Походкой гуляющего человека, удалившись от дома, чтобы не было видно в окно, Колька Пожарский припустил с места в галоп. До чертова парка неблизко! От злости так и распирало, сотни ругательств вертелись на языке, аж уши закладывало. И одновременно противно холодело внутри от мысли: а ну как в самом деле что-то стряслось?

«Отставить бабьи истерики! — думал он. — Что с этими дурами сделается, кому они нужны! Уж и задам я этой Палкиной!»

Он был совершенно уверен в том, что во всем виновата Сонька Палкина, не сестра Наташка. Сестра — мелочь воспитанная и ответственная. Она неоднократно помогала маме по работе, в больнице, без ропота и капризов убиралась, мыла посуду, меняла белье. К тому же отличница, разумная и дисциплинированная.

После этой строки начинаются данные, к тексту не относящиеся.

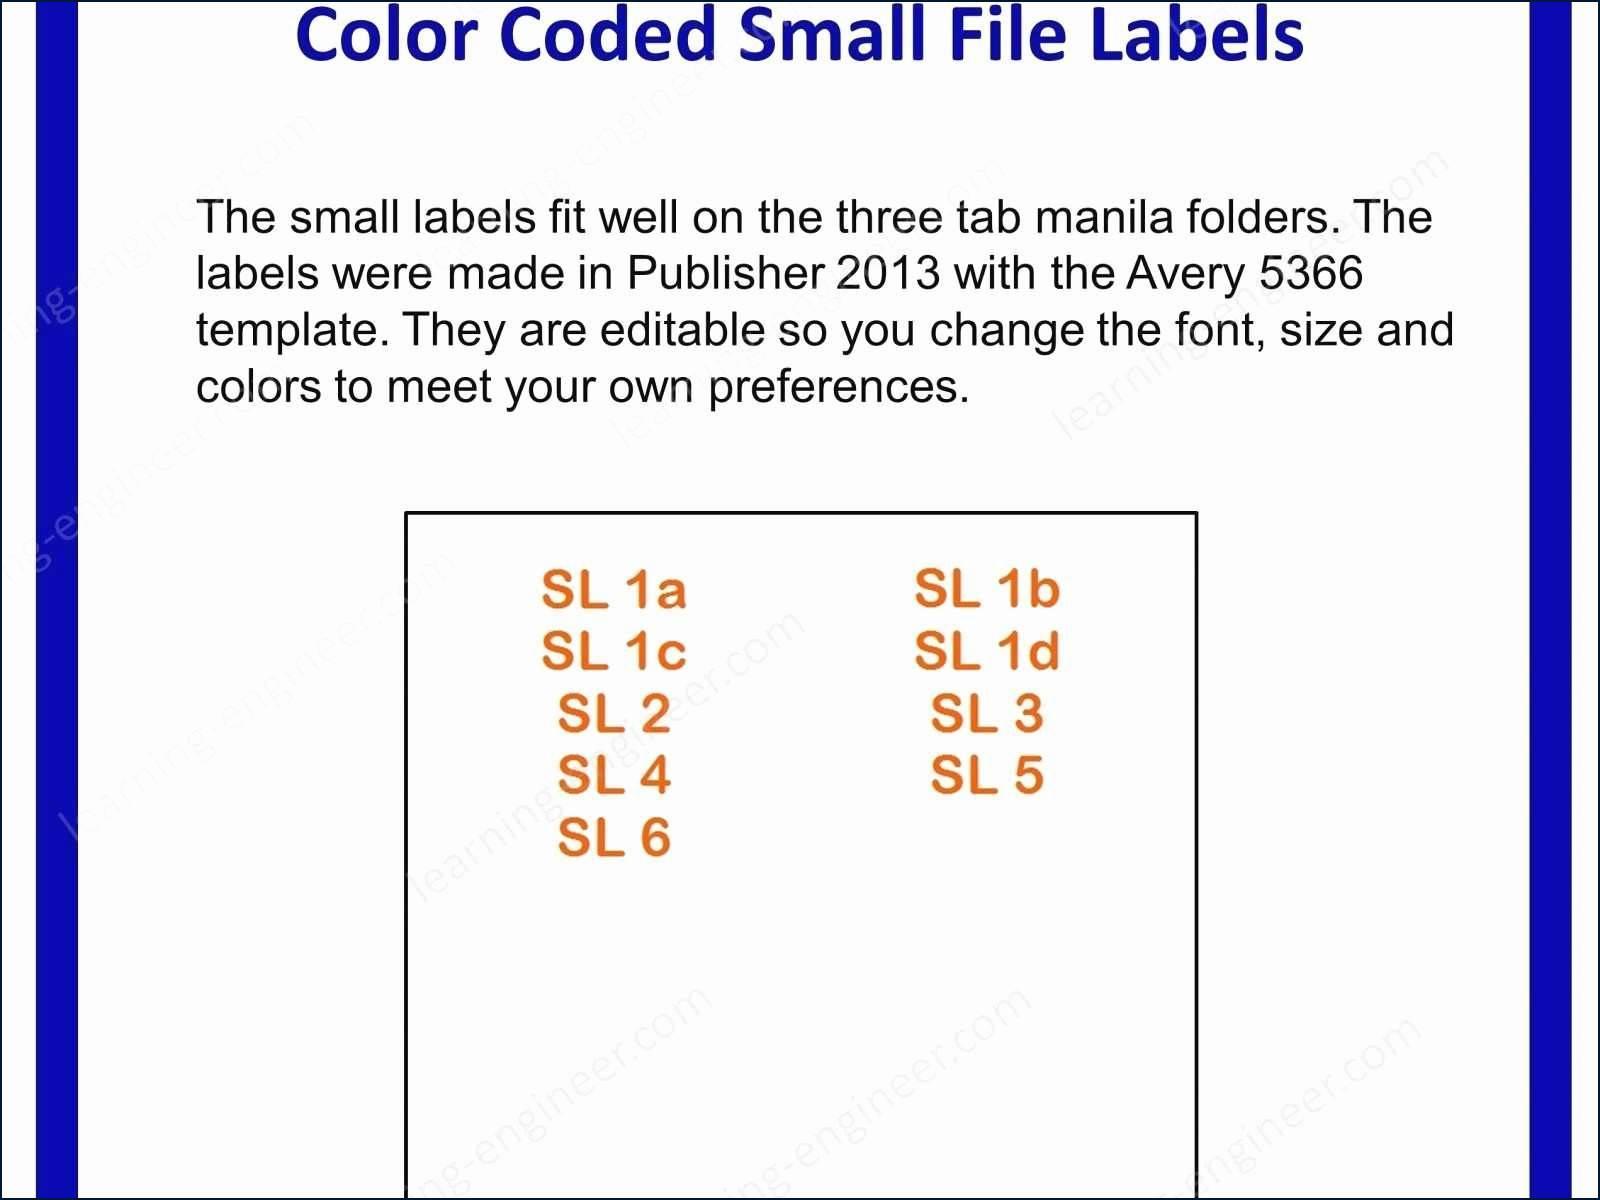 Avery File Folder Label Templates 5366 - Templates #39570

«Во всем виновата избалованная Сонька, — продолжал размышлять Пожарский. — Зараза и клоп самостоятельный! Наташку с пути сбивает… Вот сперва ей по шее надаю, потом за ухо отволоку к дому… Ух и выскажу я этой Наталье! А то лучше мать натравлю…» Колька ругался, кипел от злости и несся на полной скорости, сигая через лужи. Приговаривал, как заклинание: «Нет, ничего не случилось! Этого быть не может. Да еще с обеими сразу…»

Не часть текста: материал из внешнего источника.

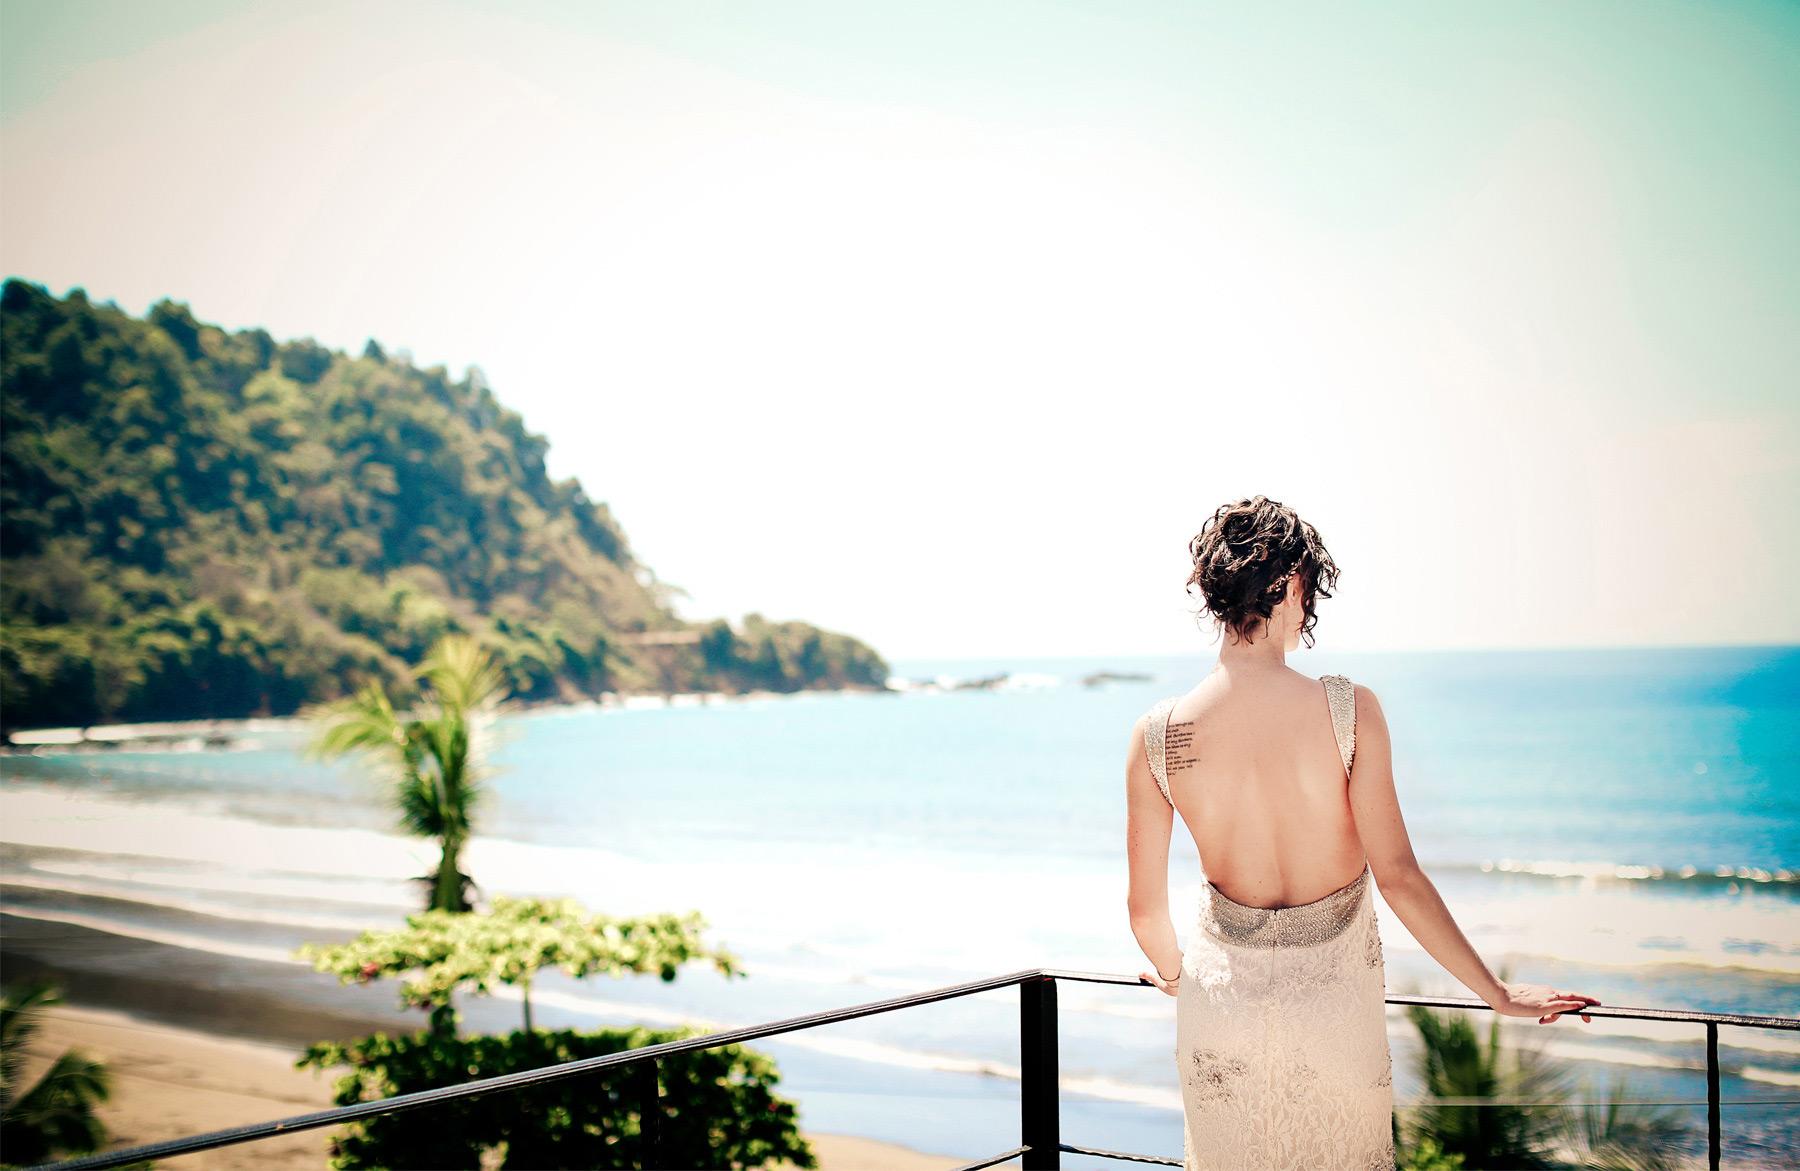 02-Costa-Rica-Wedding-Photography-by-Vick-Photography-Jaco-Tropical-Beach-Villa-Caletas-Resort-Alli-and-Duncan.jpg

И все-таки куда они запропали, Сонька и Наташка?

Глава 2

Этот беспокойный вечер начинался безоблачно, по-домашнему.

В семейном гнезде Акимовых-Гладковых царила тихая, радостная кутерьма: накрывали столы, поджидая маму. Она задерживалась из-за комиссии — понятно, работа, но ведь нынче годовщина свадьбы! Нешуточный повод прийти пораньше.

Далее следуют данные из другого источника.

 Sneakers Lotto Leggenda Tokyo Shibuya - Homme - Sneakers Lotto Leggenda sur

Спецгость Колька, в свежевыглаженной рубашке, прилизанный — уши врозь, — нарезал хлеб, под бдительным оком Оли стараясь брать потоньше, «покультурнее», равно как и сохранять серьезный вид. Сама надзирательница тоже хлопотала, помогая любимому отчиму накрывать на стол. Они никак не могли согласовать место для супницы.

Ох уж эта супница! Толстая, поповского фарфора, румяная — вопиющий символ всего самого бабско-мещанского, что только можно вообразить! К тому же в ней имел место борщ, сваренный лейтенантом Акимовым собственноручно, из кости, добытой в результате специальной операции на таинственном рынке у «секретного» мясника.

Да ни одна коммунальная кухня не видала такого священнодействия, которое развел Палыч! Соседки, которые пытались сделать ценные материнские или сестринские — зависит от возраста — замечания насчет того, как «правильно» готовить, натыкались на ледяное молчание и, смущаясь, замолкали. Акимов, человек по натуре мягкий, в деле варки борща держался своей линии и был непоколебим.

Сам лейтенант, заметно пополневший, округлившийся, упакованный в фартук, вызывал у Кольки тихое желание расхохотаться. Что ж это делается, граждане, каких людей теряем! Этот вот, который неоднократно рассказывал про твердость мужского характера и умение настоять на своем, вот уж целый год бегает по очередям да рынкам, добывая провизию, хлопочет на кухне, стирает, выжимает и гладит, варит как заведенный борщи-холодцы, моет полы и посуду… тьфу!

Последнее Кольку веселило и в то же время задевало особенно сильно, поскольку этот вид трудовой деятельности он просто презирал, его даже мама не могла заставить заниматься женскими делами. К тому же и Ольга теперь совершенно не стеснялась помыкать Палычем. В общем, обабился лейтенант. (Тот факт, что и отец Кольки не чурался никакой домашней работы, парень, когда требовалось, забывал — это другое.)

И вот теперь все вроде готово, а Палыч все суетится, находя поводы для хлопот, то запаковывая букет в газету, то распаковывая. Между прочим, шикарный букет, не без зависти отметил Колька, где это он его осенью раздобыл? Надо бы выяснить, Ольга не преминет привести в пример данное геройство отчима.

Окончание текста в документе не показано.